Instead, it SHALL log a warning identifying the archive file and the
error reason, then continue processing remaining inputs.

#### Scenario: Corrupted archive is skipped
- **WHEN** a corrupted `.zip` file is among the inputs
- **THEN** the system SHALL log a warning for that file and SHALL
  continue processing other inputs

#### Scenario: Password-protected archive is skipped
- **WHEN** a password-protected `.rar` file is among the inputs
- **THEN** the system SHALL log a warning indicating password protection
  and SHALL continue processing other inputs

#### Scenario: Password-protected zip archive is skipped
- **WHEN** a password-protected `.zip` file is among the inputs
- **THEN** the system SHALL log a warning indicating password protection
  and SHALL continue processing other inputs

#### Scenario: Corrupted 7z archive is skipped
- **WHEN** a corrupted `.7z` file is among the inputs
- **THEN** the system SHALL log a warning for that file and SHALL
  continue processing other inputs

#### Scenario: Corrupted tar.gz archive is skipped
- **WHEN** a corrupted `.tar.gz` file is among the inputs
- **THEN** the system SHALL log a warning for that file and SHALL
  continue processing other inputs

### Requirement: Decompression Bomb Protection
The system SHALL enforce a maximum total expanded size (default 1 GiB) and
a maximum entry count (default 10,000 files) per archive.
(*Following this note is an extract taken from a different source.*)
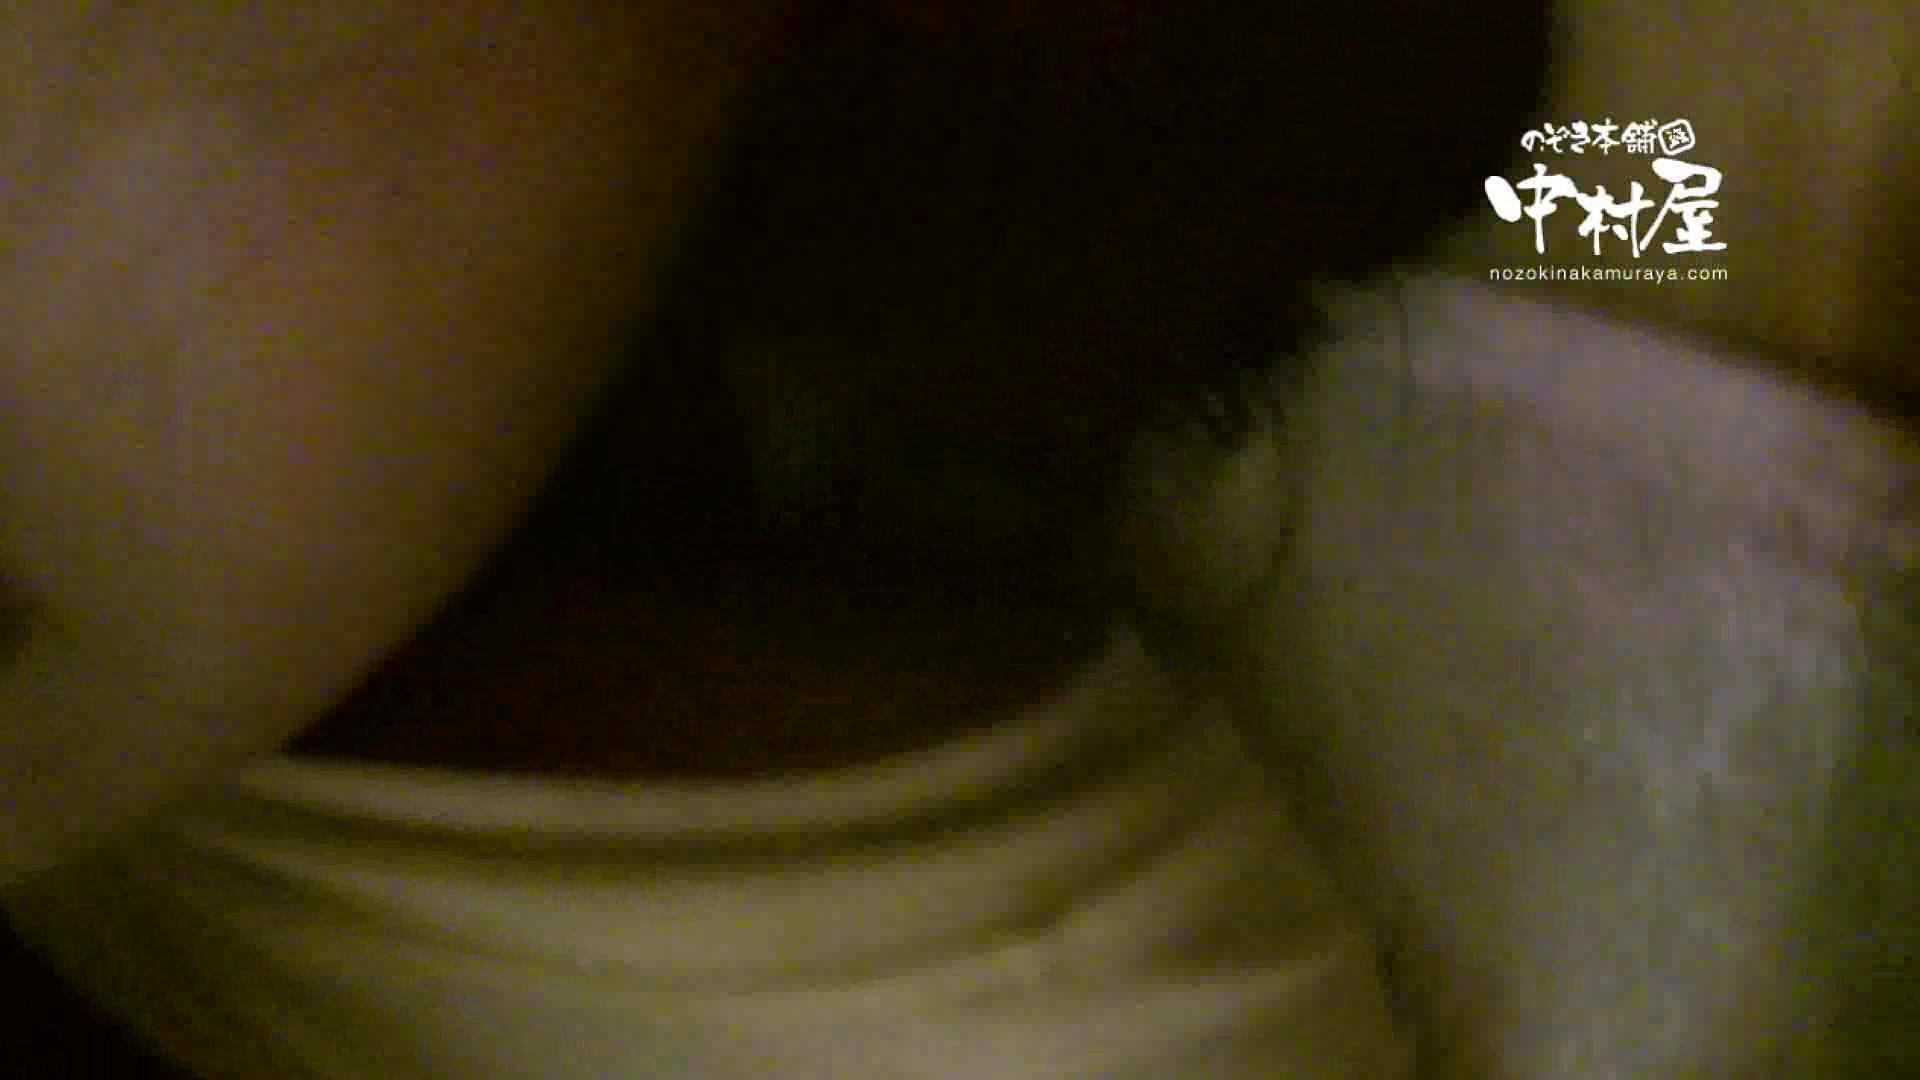 鬼畜 vol.17 中に出さないでください(アニメ声で懇願) 後編 美しいOLの裸体   鬼畜  69pic 23
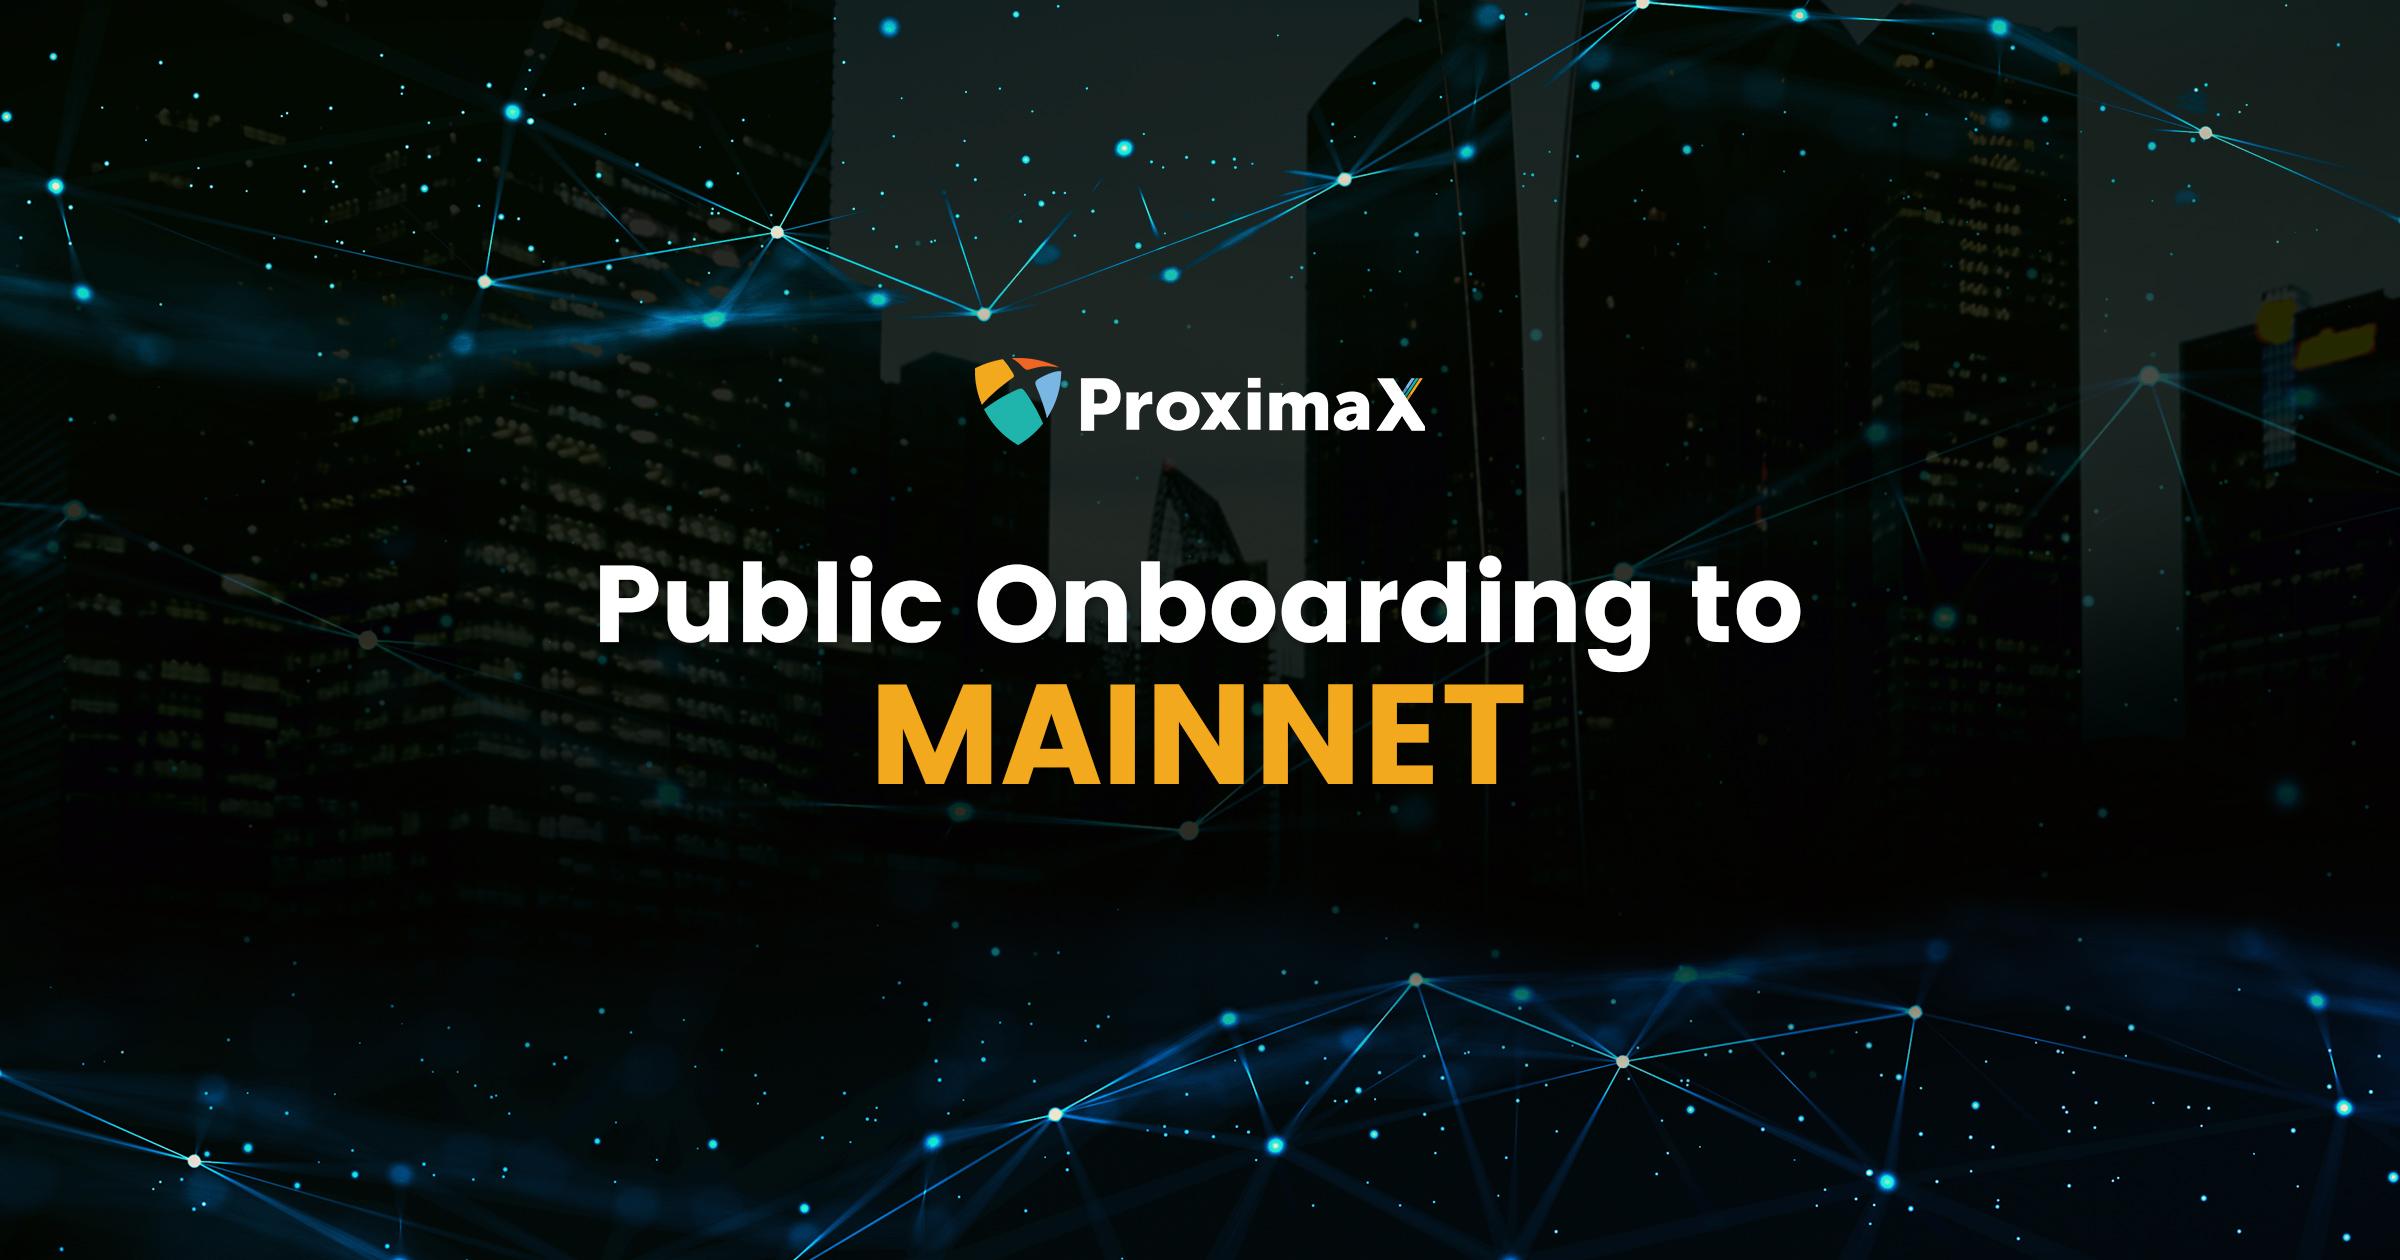 Public Onboarding to MAINNET

If either limit
is exceeded during extraction, the system SHALL abort extraction of that
archive, log a warning, and skip it.

#### Scenario: Archive exceeding size limit
- **WHEN** a `.7z` archive's extracted content would exceed 1 GiB
- **THEN** extraction SHALL stop, the partial temp dir SHALL be cleaned
  up, and the archive SHALL be skipped with a warning

#### Scenario: Archive exceeding entry count limit
- **WHEN** a `.tar.gz` archive contains more than 10,000 entries
- **THEN** extraction SHALL stop and the archive SHALL be skipped with a
  warning

#### Scenario: Zip archive exceeding size limit
- **WHEN** a `.zip` archive's extracted content would exceed 1 GiB
- **THEN** extraction SHALL stop, the partial temp dir SHALL be cleaned
  up, and the archive SHALL be skipped with a warning